# Cheese Boards



## Salty dog (Jul 22, 2013)

Found these at a car show in the boonies. He said he makes them from scrap. 
Perfect for our "cheese board".


----------



## Salty dog (Jul 22, 2013)




----------



## CanadianMan (Jul 22, 2013)

Those are really nice, good presentation for a cheese board


----------



## Zwiefel (Jul 22, 2013)

nice score Salty!


----------



## Salty dog (Jul 22, 2013)

where is this thread?


----------



## Crothcipt (Jul 22, 2013)

What's cooking....

Good score


----------



## Salty dog (Jul 22, 2013)

ok, thx


----------



## AFKitchenknivesguy (Jul 23, 2013)

I like, especially if you got them at a good deal.


----------



## Salty dog (Jul 23, 2013)

$55.00 for the three.


----------



## Mrmnms (Jul 23, 2013)

Very cool, rip deal


----------



## ptolemy (Jul 24, 2013)

Oh, they look great.


----------



## EdipisReks (Jul 25, 2013)

Nice looking boards!


----------



## mzer (Jul 25, 2013)

Don't like them. I would not be happy being served cheese on these and would prefer a plate or a simple, rustic wooden board like this.

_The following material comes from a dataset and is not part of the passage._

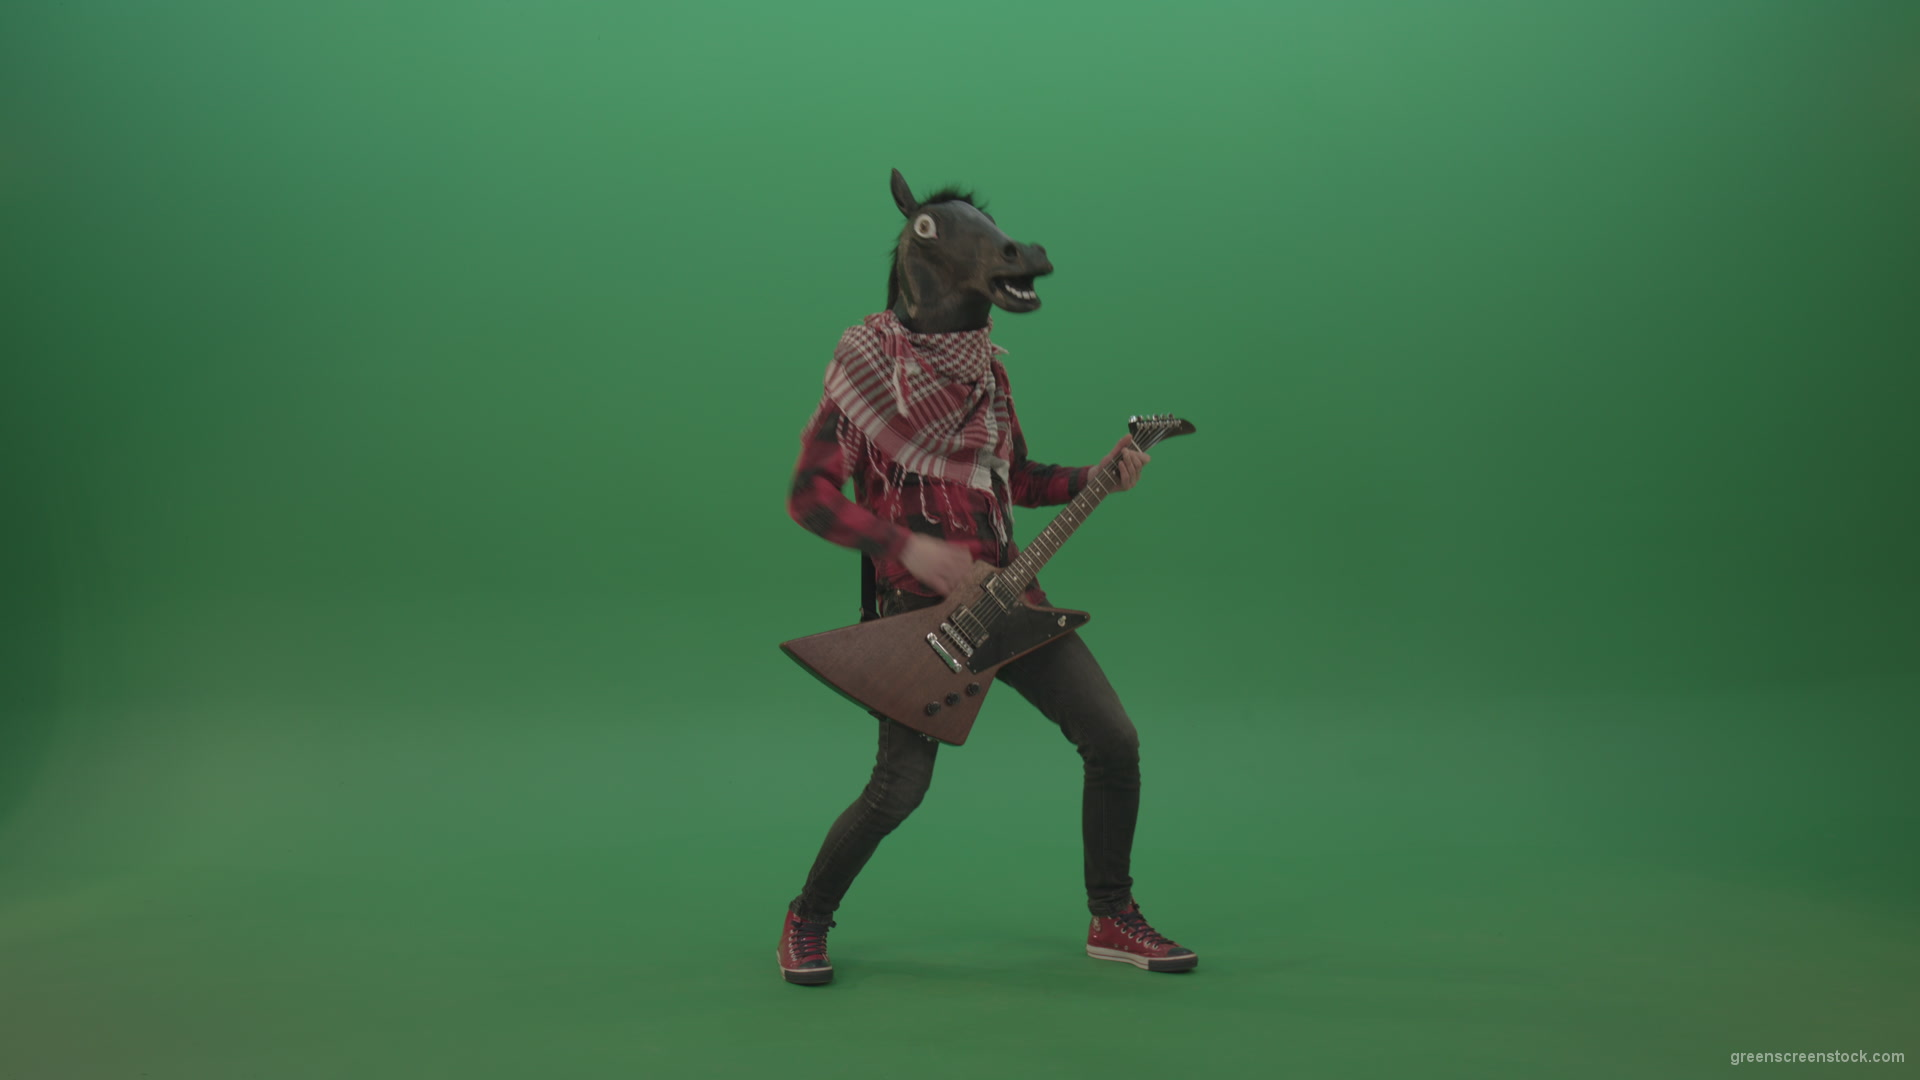 Green-screen-horse-man-guitaris-play-hard-rock-music-with-guitar-isolated-on-green-background_008 Green Screen Stock

Just my .02 as a customer.


----------



## EdipisReks (Jul 25, 2013)

mzer said:


> Don't like them. I would not be happy being served cheese on these and would prefer a plate or a simple, rustic wooden board like this.
> 
> 
> 
> ...



yeah, I'm sure camembert and morbier would taste terrible off of them. :eyebrow:


----------



## 77kath (Jul 25, 2013)

I like cheese served on almost anything. These anythings are better than most.


----------



## Crothcipt (Jul 25, 2013)

mzer said:


> Don't like them. I would not be happy being served cheese on these and would prefer a plate or a simple, rustic wooden board like this.
> 
> 
> 
> ...



That board is huge. What would you want off that? A whole wheel? I don't know if your joking or serious.


----------



## mzer (Jul 25, 2013)

Crothcipt said:


> That board is huge. What would you want off that? A whole wheel? I don't know if your joking or serious.



I was talking about the style, not the size. I didn't realize that criticism wasn't tolerated on this board, but those boards are ugly and I don't like them.


----------